Près de 18 000 soldats burundais avaient été déployés aux côtés de l’armée congolaise dans la province du Sud-Kivu, notamment dans la plaine de Ruzizi, qui borde le Burundi. Ces troupes participent aux bombardements et attaques ciblant principalement les populations rwandophones, notamment les Banyamulenges de Minembwe. Depuis 2022, les troupes burundaises sont intervenues en tant que membres de l'EAC (Communauté d'Afrique de l'Est) et prennent désormais part aux attaques contre les villages des Banyamulenges.

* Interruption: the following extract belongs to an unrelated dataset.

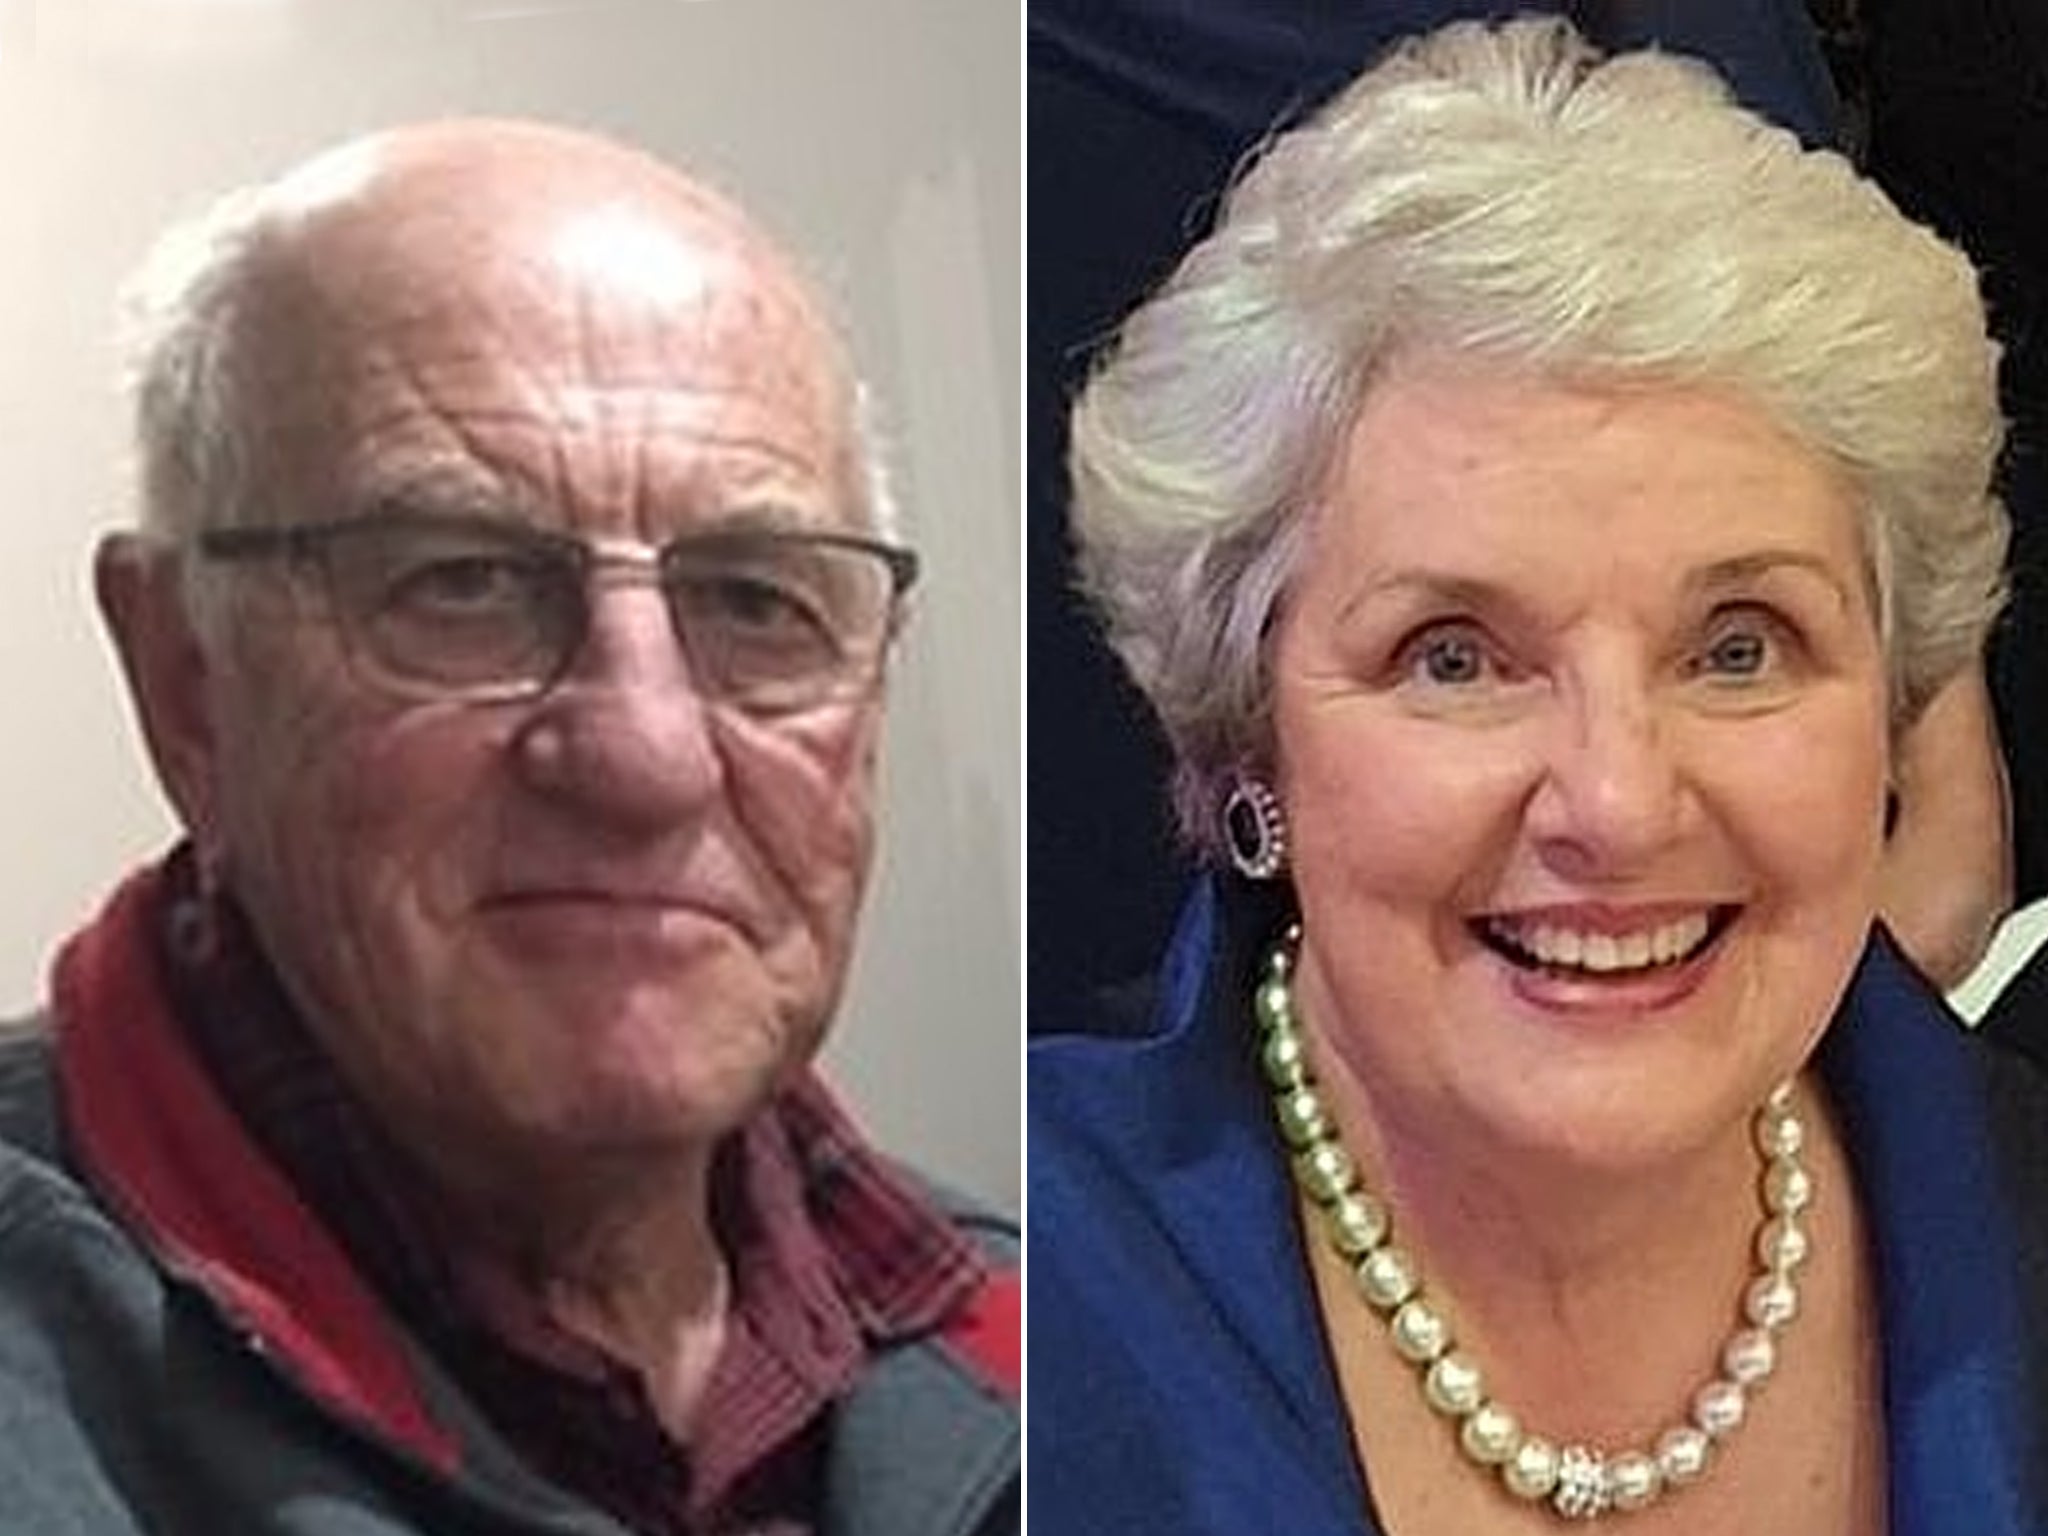 Russell Hill and Carol Clay, missing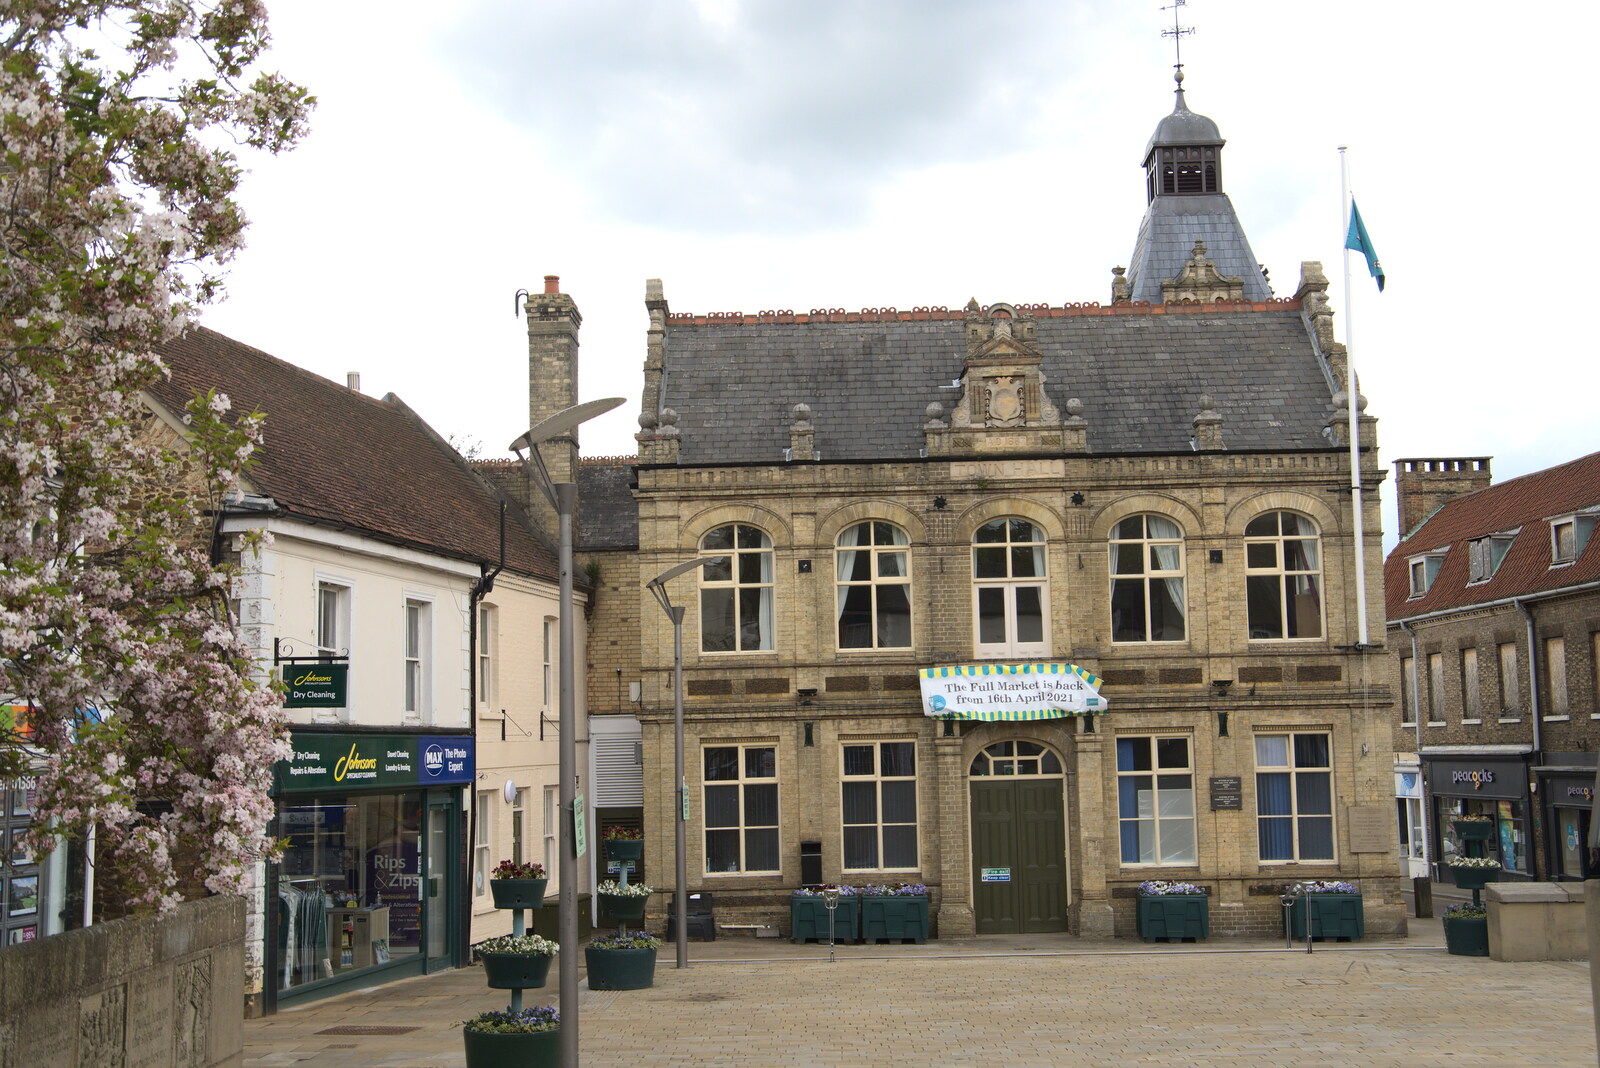 Downham Market's Town Hall from A Vaccination Afternoon, Swaffham, Norfolk - 9th May 2021

En janvier 2023, les troupes burundaises de l'EAC se sont installées, en théorie en application du cessez-le-feu, mais en pratique, elles ont laissé libre cours aux FDLR, Nyatura, FARDC et Wazalendo, des groupes nourris par l’idéologie génocidaire anti-Tutsi depuis des décennies. Ces forces ont assisté, voire participé, aux menaces contre les Tutsi congolais dans le territoire de Masisi.
Du 2 au 4 octobre, sous les caméras, ces groupes ont entrepris la destruction totale du village de Nturo, où 300 maisons appartenant à des Tutsi congolais ont été réduites en cendres. Neuf personnes ont été tuées et des milliers de Tutsi congolais en provenance de Nturo, du Petit Masisi, de Kitchanga et de ses environs ont fui vers le camp de Bwiza, où 17 000 déplacés, dont plus de 60 % d'enfants, se sont réfugiés.
Du 6 au 10 octobre, à Kitchanga, une chasse aux Tutsi a été menée par les FDLR-Wazalendo sous le regard des troupes burundaises de l'EAC et de la MONUSCO. Des familles entières ont été décimées, notamment à la machette.